“塩漬け”が続く巨人きっての人気選手、小林誠司捕手(31)について球団幹部が今季中のトレード放出の可能性を否定した。

 巨人は5日の広島戦(マツダ)で4−0の快勝。完封リレーを演出したのは、先発マスクの炭谷銀仁朗捕手(33)の好リードだ。右肩違和感から復帰登板の先発、エンジェル・サンチェス投手(31)が7回無失点の好投。気難しい助っ投をかいがいしく導いた女房役が、守備面で改めて評価を高めている。

 打力で主戦捕手を務めてきた大城との間で正捕手争いが再燃。同じ1軍の土俵にも立てない小林は、今やすっかり蚊帳の外だ。2軍でさえベンチを温め、この日のイースタンリーグ・DeNA戦(ジャイアンツ球場)では高卒2年目の山瀬が先発。小林は9回に代打で登場し、四球を選んだのが唯一の出番だった。

 先月7日に2軍降格した際、元木ヘッドコーチが「打撃をもっと上げてこないとスタメンで使えない」と打撃面を課題に挙げたが、2軍の投手相手でも33打数1安打で打率・030。1軍捕手陣に故障でもない限り、昇格理由は見つからない。

 原監督の全権体制下、「飼い殺しはしない。他球団に生かす道を見つける」としてトレードに積極的な近年の方針に照らせば、現状の小林も有力な交換要員となるはず。シーズンを通して主戦捕手を務めた貴重な経験と人気を兼ね備え、パ・リーグを中心に依然として他球団から引きは強い。

 だが、球団幹部は「今の捕手の人数が全体で9人。1−3軍にそれぞれ3人ずつ必要だから、トレードしても結局、捕手同士になる。それでは意味がない」と、小林をトレードのコマと見ていないことを明言する。
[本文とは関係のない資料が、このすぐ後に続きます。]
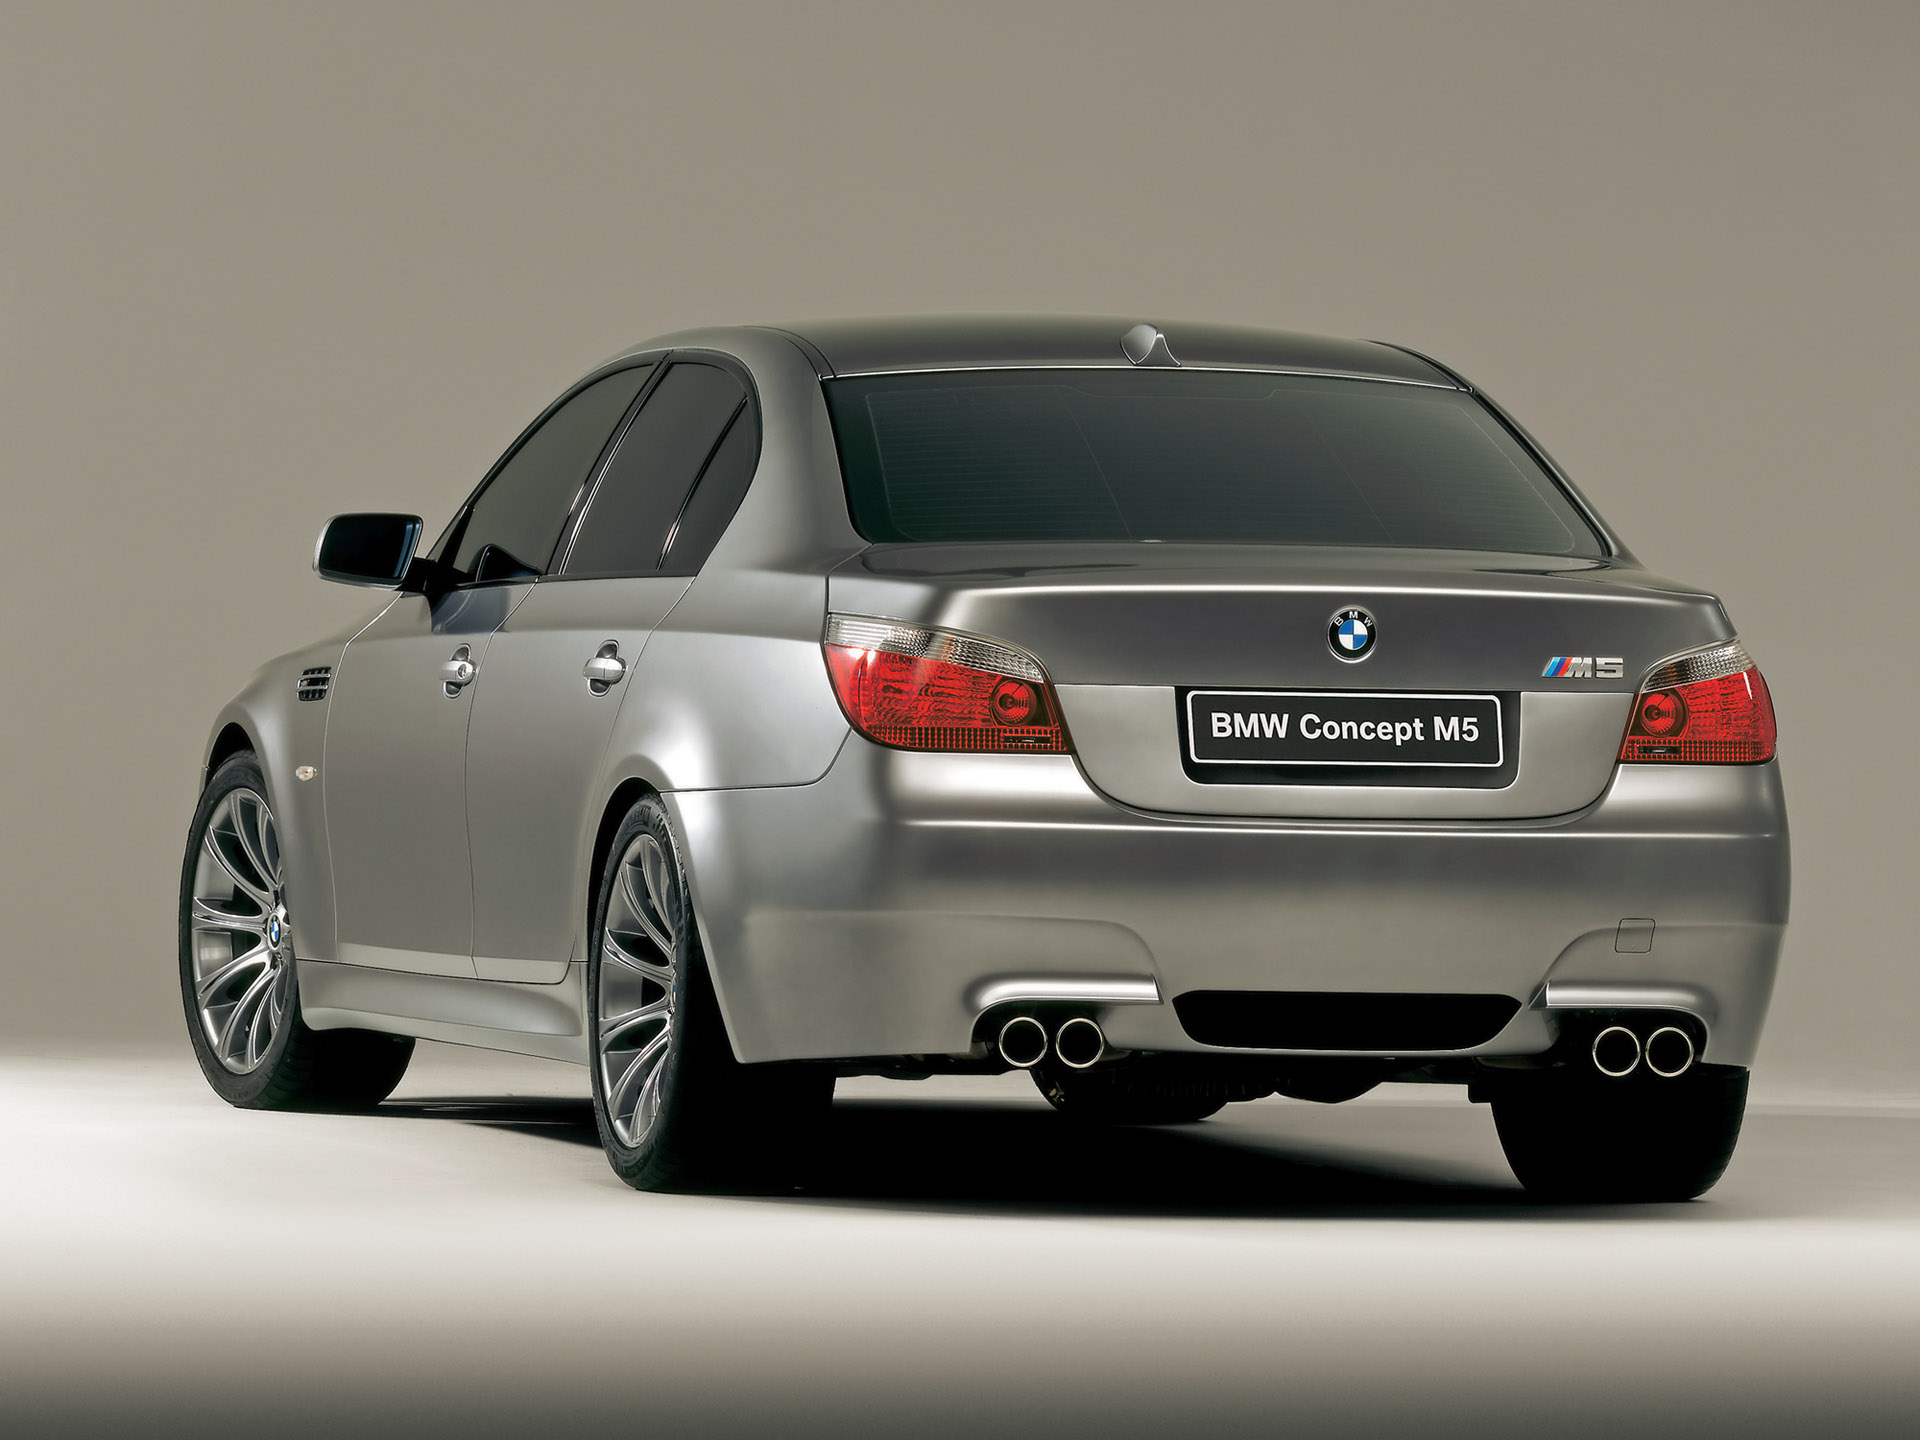 2004 BMW M5 Image. https://www.conceptcarz.com/images/BMW/2004-BMW ...
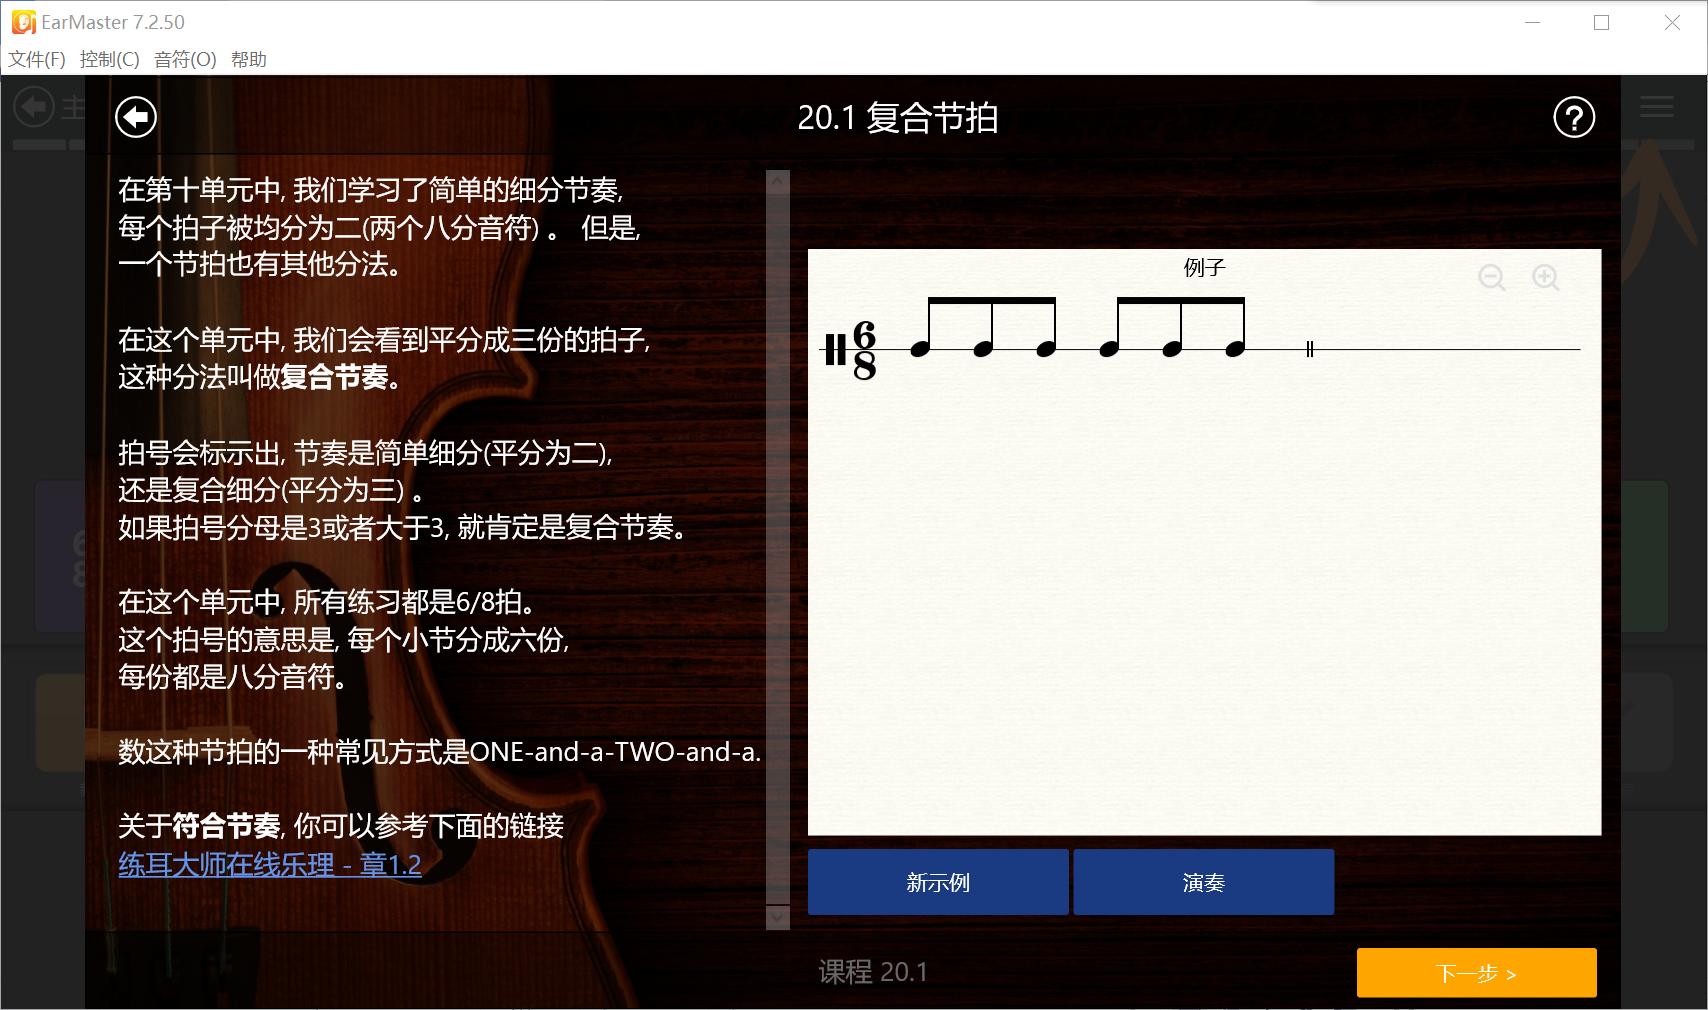 EarMaster视唱练耳:通过节奏模仿学习复合节奏

 コロナ禍への備えも、専門性が高いポジションの人員を確保したい状況に拍車をかける。巨人では4月上旬に新型コロナウイルスの陽性判定者を4人出した。ゴールデンウイーク中には日本ハムでクラスターが発生し、チーム活動が休止に追い込まれたばかりだ。

 球界屈指の強肩は今季、ファームでくすぶり続ける定めなのか。